O autor admite que há “às vezes uma perspectiva mais nostálgica ou nostálgica sobre estados de coisas e futuros imaginados que nunca se materializaram”. Por isso, perguntámos a Valério Romão sobre esse futuro imaginado e o estado atual do “turismo de rebanho” de que fala no seu livro.

“Se há alguma vantagem que advém desta globalização e da nossa adesão à União Europeia, é que nos tornamos um pouco mais remediado. Temos mais dinheiro, temos mais alfabetização, temos mais acesso a tudo e de forma mais direta.
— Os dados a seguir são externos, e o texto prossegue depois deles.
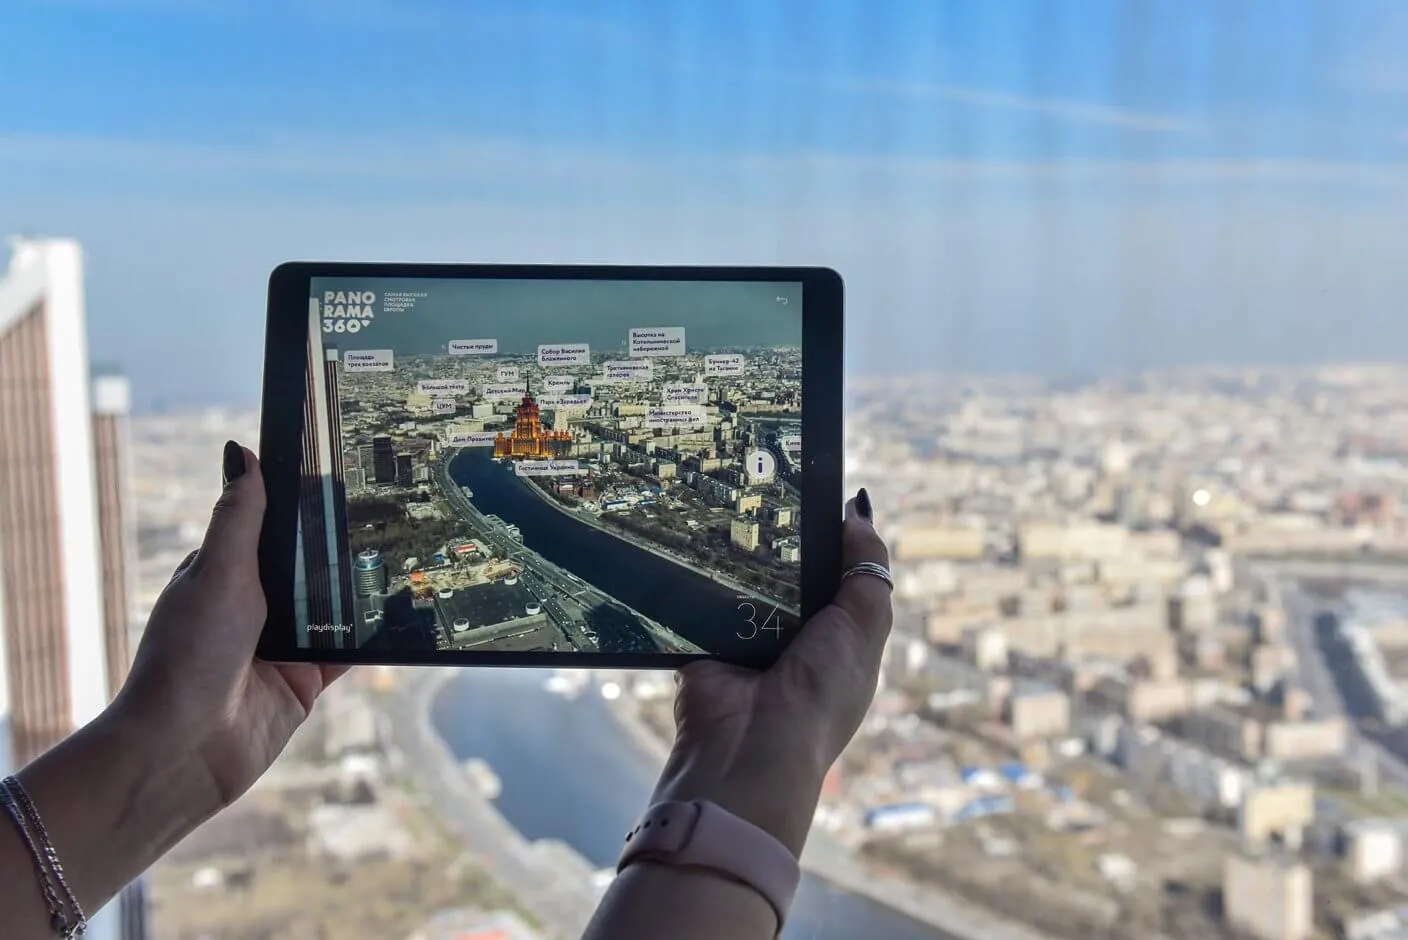 Смотровая площадка Панорама 360 в Москва-Сити, вид 6

Na minha época, as coisas vinham de fora. O disco é da Inglaterra, de onde são as roupas, não sei. Conseguir coisas é difícil. Existe agora uma Zara que voa de Lisboa para Xangai. Como resultado, o mundo se tornou mais homogêneo”, disse ele.

Mas há sempre um mas, disse Valério Romão. "Perdemos o que é único, tradicional ou exótico. E o turismo, sobretudo este tipo de turismo, nada mais é do que uma tentativa de encontrar ou descobrir um pouco deste típico, tradicional e exótico, que cada vez diminui”.

Qual é a utilidade da poesia? O poeta coloca esta eterna questão. Valério Romão explica que a poesia é “uma forma especial porque está mais próxima de nós na arte, que são as palavras”.

Mas a poesia está agora “capturada” pelo olhar crítico de Valério Romão. "Acho que no momento está muito focado em 'instagramável' e instantâneo e Deixe-se capturar pelo dispositivo atrair a atenção dos contemporâneos.”

Admite que também utiliza as redes sociais para partilhar alguns poemas que nunca publicou em livros, explicando que “o formato em si está cada vez mais curto”.

"Agora devemos Cabe em um quadrado, porque é isso que o Instagram quer. Mas nem tudo é poesia. 80 ou 90% do que você faz é absolutamente “impossível”. "

Quando os leitores tiverem esta coleção de poemas para ler, o autor já estará trabalhando na próxima obra. "Pretendo publicar um romance este anoestou trabalhando nisso agora. Vamos ver quando”, disse ele.